EPA’s Top 50 Green Power Partnership sees power surge

EPA’s Top 50 Green Power Partnership sees power surge

EPA top 50 for green powerThe Environmental Protection Agency (EPA) updated its list of Top 50 organizations using green energy like solar and wind and it’s experienced a power surge. Intel continued to top the list by using 2.5 billion kilowatt hours of green energy annually—it has since 2008. But for the first time all top 50, including companies, municipalities, government agencies and other organizations, each used more than 100 million kilowatt hours of green energy.

“The top partner rankings aren't weighted by type of green power used. The Top 50 list and other sector-specific lists (Top 20 Retail, Top 20 Colleges & Universities, etc) are ranked by kilowatt hours of green power used by each partner,” a spokesperson for the EPA said. Hence, while other organizations actually purchase 100 percent of their power from green sources, Intel, which sources 88 percent of its power from green energy, including solar, biomass, geothermal, wind and small-hydro, topped the list.

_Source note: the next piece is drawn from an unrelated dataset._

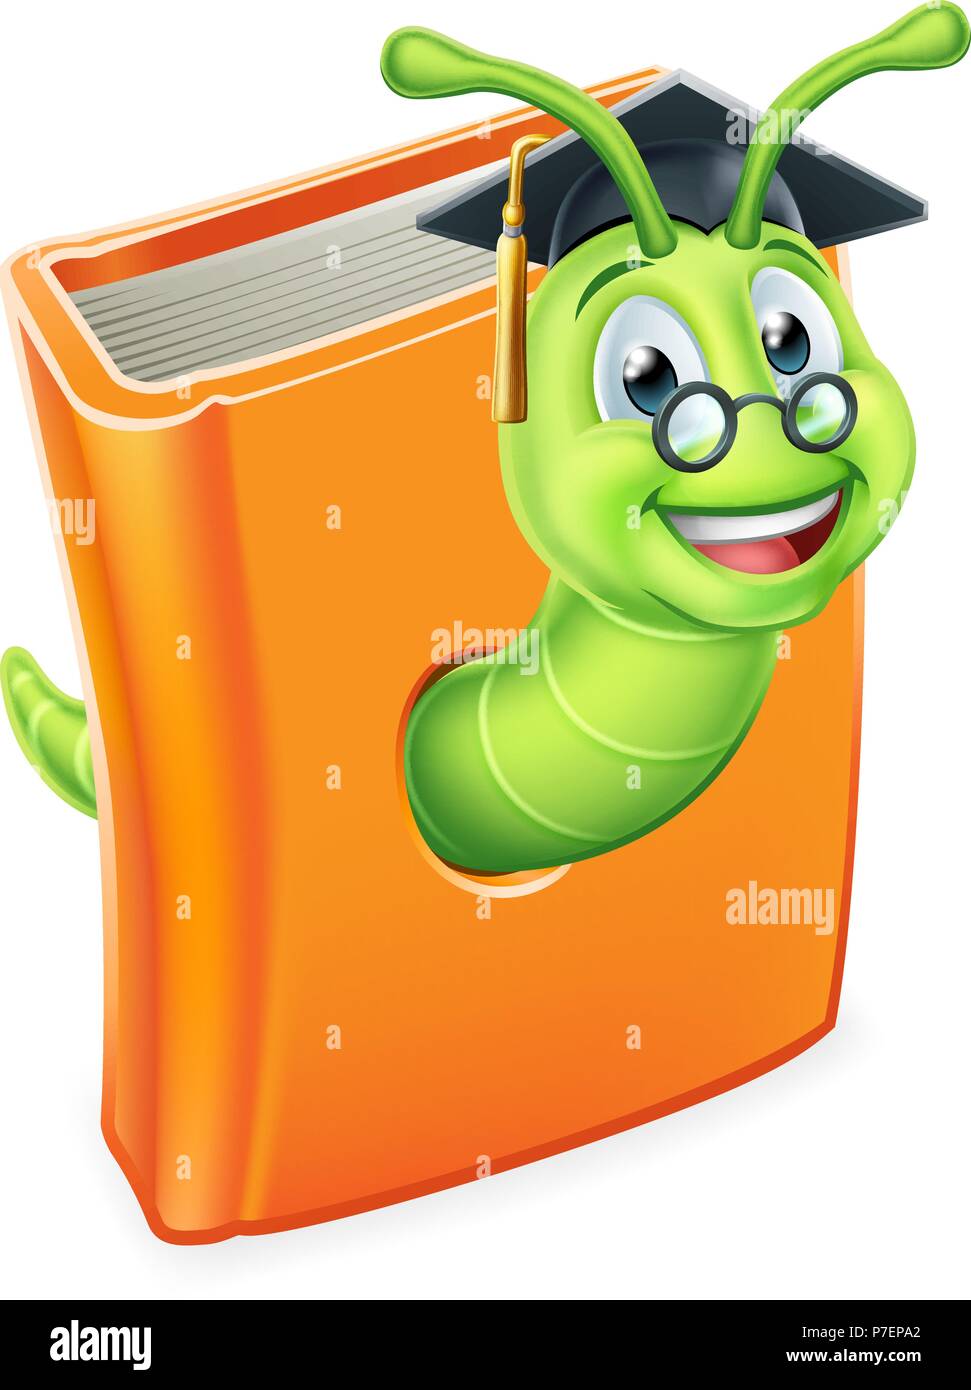 Graduate Worm Bookworm Caterpillar in Book Stock Vector

Some high-ranking newcomers were added to the list this year as well. Microsoft joined the list in the third spot and McDonald’s joined in the eleventh spot of the top 50.

The EPA also tracks companies that source 100 percent of their electricity from green sources and which use the most on-site generation—usually solar, according to the spokesperson. Kohl’s Department Stores sourced all of its electricity, more than 1.5 billion kilowatt hours from wind and solar, topping the list of green power partners getting all their electricity from renewables (It was second in the Top 50 list, behind Intel).

In terms of on-site generation Kimberly-Clark was first, sourcing 193.3 million kilowatt hours from on-site biomass. Walmart Stores, which sourced 114.9 million kilowatt hours from on-site wind, solar and biogas was second. Since EPA began tracking on-site generation in 2007 the number of organizations voluntarily participating has grown from 77 partners to 196 partners, the spokesperson said. “This only counts Partners who are keeping the renewable energy certificates from on-site systems, and although we cannot pull out the on-site solar, the majority of on-site Is usually solar. Some of the Partners have multiple on-site systems, but we counted each Partner only once.”

The EPA found that 174 organizations are using on-site solar and a total of 264 participating organizations are using solar. And more than 700 participating organizations are now sourcing 100 percent of their electricity from renewable resources, according to the EPA.